Female Military Divorce Rates Continue Decline


The divorce rate among female active-duty military members continued a downward trend in 2013, while the rate among active-duty males stayed the same at 2.9 percent, according to Pentagon statistics released to Military.com on Monday.

Since reaching a high of 8 percent in 2011, the female divorce rate has gone down -- hitting 7.9 percent last year and 7.2 percent this year. Female military members consistently have a much higher rate of divorce than their male counterparts across all services. The rate among males -- 2.9 percent in 2013 -- has fluctuated slightly up and down since 2005, a change that analysts consider insignificant.

Military divorce researchers and experts see the drop among women as a continuing sign that rates may be on a long-term decline.

"Over the last three years we're seeing a gradual but steady decline in divorce rates for women, and that's really interesting," said Benjamin Karney a researcher with the RAND Corp. who has studied military divorce. "Men are, on the whole, pretty stable. But for women in multiple branches there seems to be, over the last couple of years, a decline in their divorce rate, and that's interesting."

The overall average divorce rate across all services and genders fell from 3.5 percent in 2012 to 3.4 percent in 2013. Karney, however, warned that looking only at the overall average can be deceiving because it hides the drop among females by combining those numbers with the relatively stable rate among males.

Between 2012 and 2013 in the Army, Marine Corps and Air Force, the overall average rate went down slightly among both men and women, enlisted and officer. In the Navy, the overall rate remained the same at 3.5 percent.

"The health and well-being of servicemembers and their families is a priority. Strong relationships are important to our readiness," said Navy Lt. Cmdr. Nate Christensen, a DoD spokesman.

The military divorce rate is measured by comparing the number of married military members at the beginning to the end of the fiscal year while taking into account attrition, new recruits and new marriages.

The most drastic change occurred among Marine Corps enlisted women who have long held the record for highest divorce rate. In 2013, their rate fell to a recent low of 7.4 percent, or 348 divorces out of the 4,730 married enlisted female Marines, from a high of 10.4 percent, or 502 divorces out of 4,823 marriages, in 2010.

Marine Corps and Family Programs officials said they have multiple programs such as Marine Corps Family Team Building aimed, at least in part, at strengthening marriages.

"The Marine Corps has remained committed to providing Marines and their families with a comprehensive and effective support system, as readiness on the home-front ensures mission readiness," Heather Hagan, a Marine and Family Programs Division spokesperson said in a statement. "The Marine Corps is committed to the Marine and their family during their entire lifecycle through separation or retirement and beyond."

But Karney said the reason for the decline may have less to do with military marriage programs and more to do with the drawdown. Past research has shown that the marriages of female servicemembers are at a higher risk for divorce as a result of deployment than those of males, Karney said. A steady reduction in deployments could translate in a steady decline of the female servicemember divorce rate, he said. 

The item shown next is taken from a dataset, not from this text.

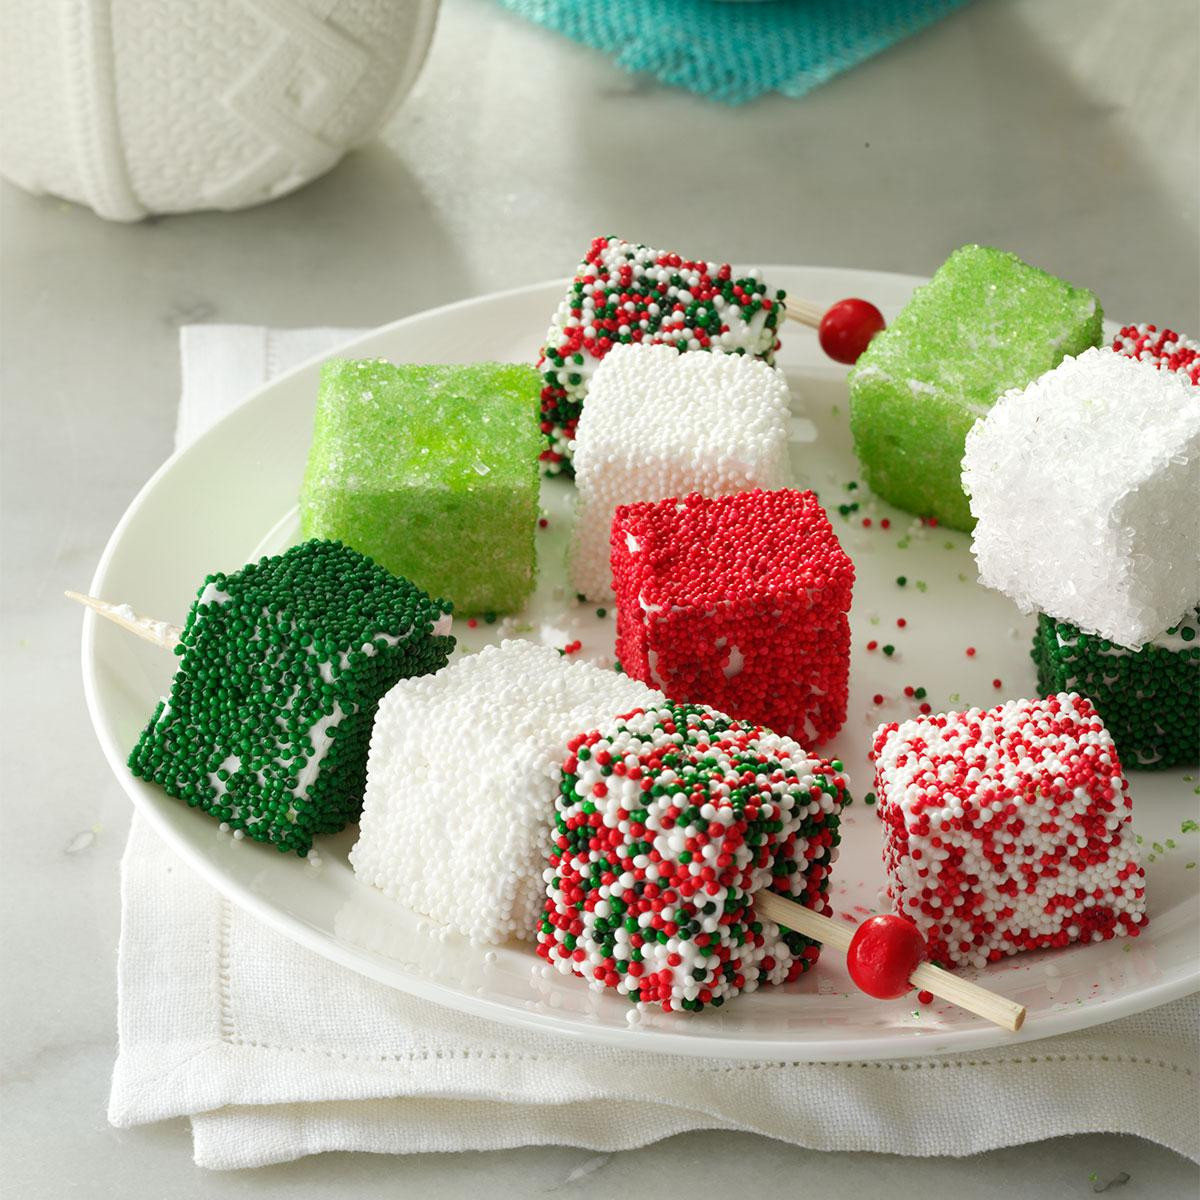 Easy Christmas Candy Recipes
 Homemade Holiday Marshmallows Recipe

"There's a significant drawdown and there's some evidence that deployments hurt women's marriages more than men's," Karney said. "If that was true, you would see a drawdown effect on women's marriages earlier than you would see that on men." 

Military marriage support experts see getting the overall rate to drop even further as a matter of research and prevention. Beth Allen is an associate professor who helped develop the Army's Strong Bonds marriage support program known as PREP.

"There's been a lot of talk about the stress that military families have been experiencing through these operations, and how resilient they are," she said. "But what we still need to learn more about is how couples are doing post deployment, and how they are facing various challenges and changes in their relationship. Then we could evaluate which approaches really serve to keep couples strong over time and which approaches predict divorce."

Allen is currently looking for military couples to participate in a compensated study to help answer those questions.

"What we are finding, with very strong research methods, is that couples assigned to PREP for Strong Bonds have a lower divorce rate. So we know the program can help," she said. "At the same time, we can do more. We are hoping that Army couples will take our survey and tell us, for them, how things are going and what they are doing. This kind of research can really help us improve the interventions by being able to guide participants through what works, and what doesn't work, for other military couples so they can consider it for themselves." 

The civilian divorce rate stands at about 3.6 percent as of 2011, according to the most recent data. Military and civilian divorce rates cannot be accurately compared because of differences in tracking methodology.

While the divorce rate in the military is based on personnel data used to distribute benefits, the civilian rate is calculated on a per-1,000 person basis by the Centers for Disease Control and Prevention. The CDC's calculation, however, only accounts for 44 states and the District of Columbia because several states, including California, do not track or report their rates.